Matrix properties

This notebook aims to look at general matrix properties and operations, such as the differences between eigendecomposition, singular value decomposition, PCA and fourier analysis of general matrices and covariance matrices.

In [1]:
import numpy as np
%matplotlib notebook
import matplotlib.pyplot as plt
import scipy
np.set_printoptions(precision=4, linewidth=100, suppress=True)

Eigenvectors and Eigenvalues

If we have a linear operator \(T: V \rightarrow V\) (T is a linear transformation from a vector space \(V\) to itself), then applying \(T\) to an eigenvector of \(T\) (let us call it \(\mathbf{v}\)) only scales \(\mathbf{v}\) and doesn’t change its direction. I.e.

\[T(\mathbf{v}) = \lambda \mathbf{v}\]

The mapping from \(V\rightarrow V\) is the bit that enforces eigendecomposition to work only on square matrices.

In the simplest case, \(T\) is a matrix operation \(A\), so \(A\mathbf{v} = \lambda \mathbf{v}\), but there are other linear operations like differentiation which has eigenvectors (or eigenfunctions). E.g. for differentiation

\[\frac{d}{dx}e^{\lambda x} = \lambda e^{\lambda x}\]
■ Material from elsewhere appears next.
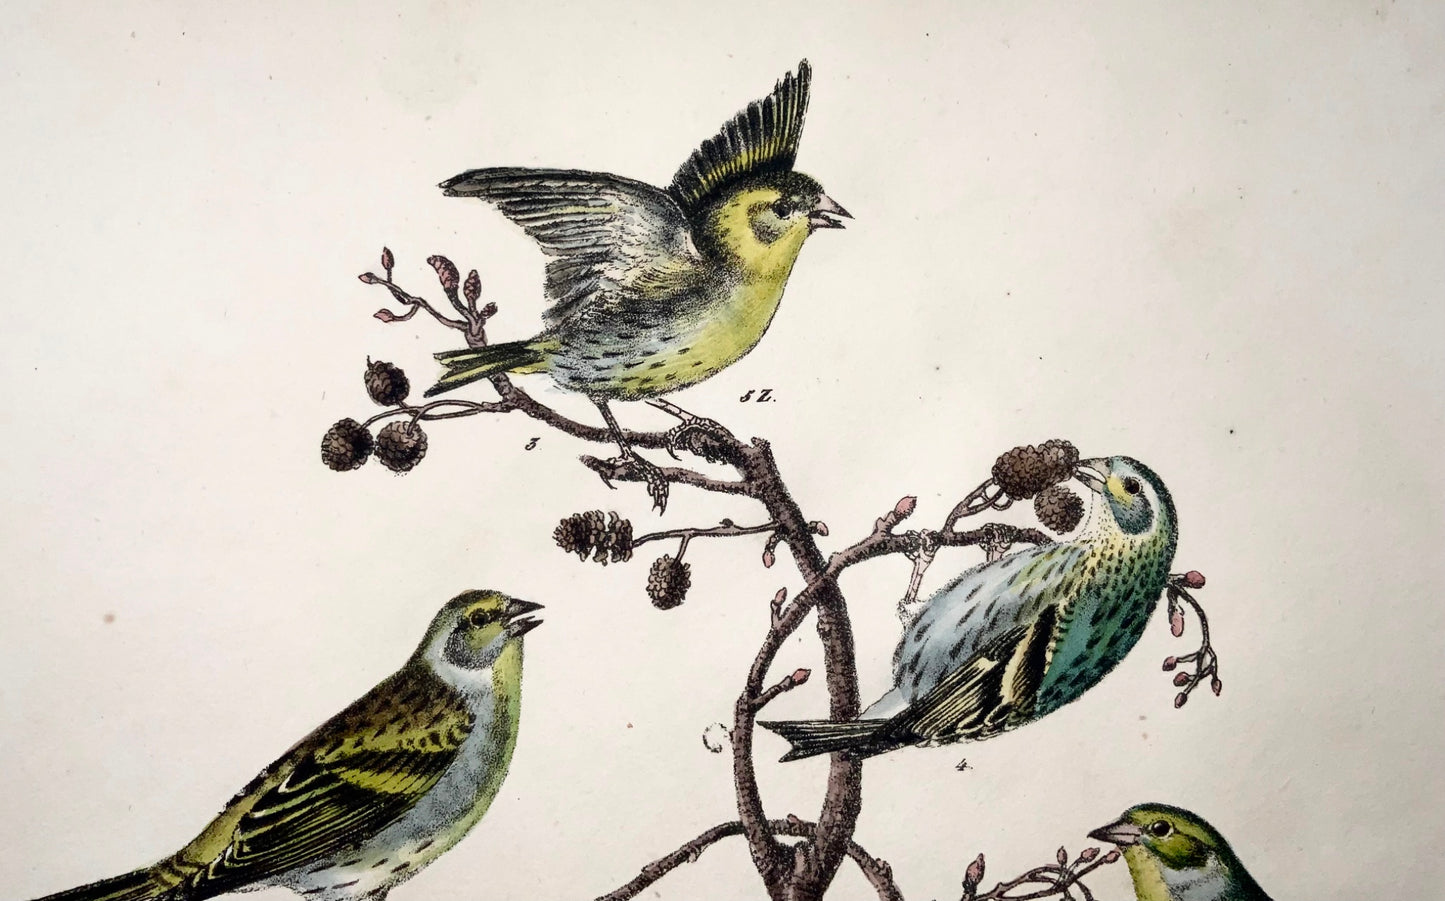 1819 Canari, pinson, oiseaux chanteurs, ornithologie, Strack, lithographie à la craie, couleur à la main

So \(e^{\lambda x}\) is an eigenfunction of differentiation.

One way to find the eigenvectors/eigenvalues is by solving the characteristic polynomial. I.e.

\[|A-\lambda I| = 0\]

This is difficult to do for anything greater than a \(2\times 2\) matrix as it will involve finding the roots of a high order polynomial.

Once we have found the eigenvectors and eigenvalues of \(A\), then the eigendecomposition of A is:

\[A = Q\Lambda Q^{-1}\]

where

\[Q = \left[\mathbf{v}_1 | \mathbf{v}_2 | \cdots | \mathbf{v}_n \right]\]
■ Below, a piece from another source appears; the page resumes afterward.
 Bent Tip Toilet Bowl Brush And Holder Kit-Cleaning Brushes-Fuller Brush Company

A nice way to interpret this is to consider \(Q^{-1}\) as a change of basis matrix. Then we are equating \(A\) and \(\Lambda\) to the same linear transformation, just that we need to change the basis by applying \(Q^{-1}\), then apply the transformation \(\Lambda\), then change back to the original basis with \(Q\).
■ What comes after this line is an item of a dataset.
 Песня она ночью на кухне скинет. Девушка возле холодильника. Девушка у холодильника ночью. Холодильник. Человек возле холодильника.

Eigendecomposition of Symmetric Matrices

When you take the eigendecomposition of a symmetric positive semidefinite matrix, you get an orthogonal basis of eigenvectors. I.e. \(Q^{-1} = Q^{T}\). In general this is not the case and you have to also invert the resulting \(Q\) matrix.

Power Iteration method for finding the largest eigenvalue (and its vector)

A very simple and often used method to find the eigenvector with the largest eigenvalue is called the power iteration method. If you start with a random vector \(\mathbf{b}_0\), we can apply the update step:

\[\mathbf{b}_{k+1} = \frac{A\mathbf{b}_k}{||A\mathbf{b}_k||}\]

Once we have the eigenvector, we can get its corresponding eigenvalue by using the Rayleigh quotient:

\[\lambda = \frac{\mathbf{b}_k^T A \mathbf{b}_k}{\mathbf{b}_k^T \mathbf{b}_k}\]

A modification of this - the Lanczos algorithm can be used to find several eigenvalues and eigenvectors of sparse matrices.

Let us try do this in numpy:

In [7]:
def rayleigh_quotient(A, b):
    return (b.T @ A @ b)/(b.T @ b)

def power_iteration(A, num_simulations):
    # Choose a random initial vector. We need to be careful as if the initial
    # vector is orthogonal to the eigenvector, it will not converge.
    b_k = np.random.rand(A.shape[1])

    for _ in range(num_simulations):
        # calculate the matrix-by-vector product Ab
        b_k1 = np.dot(A, b_k)

        # calculate the norm
        b_k1_norm = np.linalg.norm(b_k1)

        # re normalize the vector
        b_k = b_k1 / b_k1_norm

    λ_k = rayleigh_quotient(A, b_k)

    return b_k, λ_k

# Declare an array
A = np.array([[0.5, 0.5], [0.2, 0.8]])
b, λ = power_iteration(A, 20)
print('Result from power iteration method:')
print('Largest eigenvalue: {:.4f}\neigenvector: {}'.format(λ, b))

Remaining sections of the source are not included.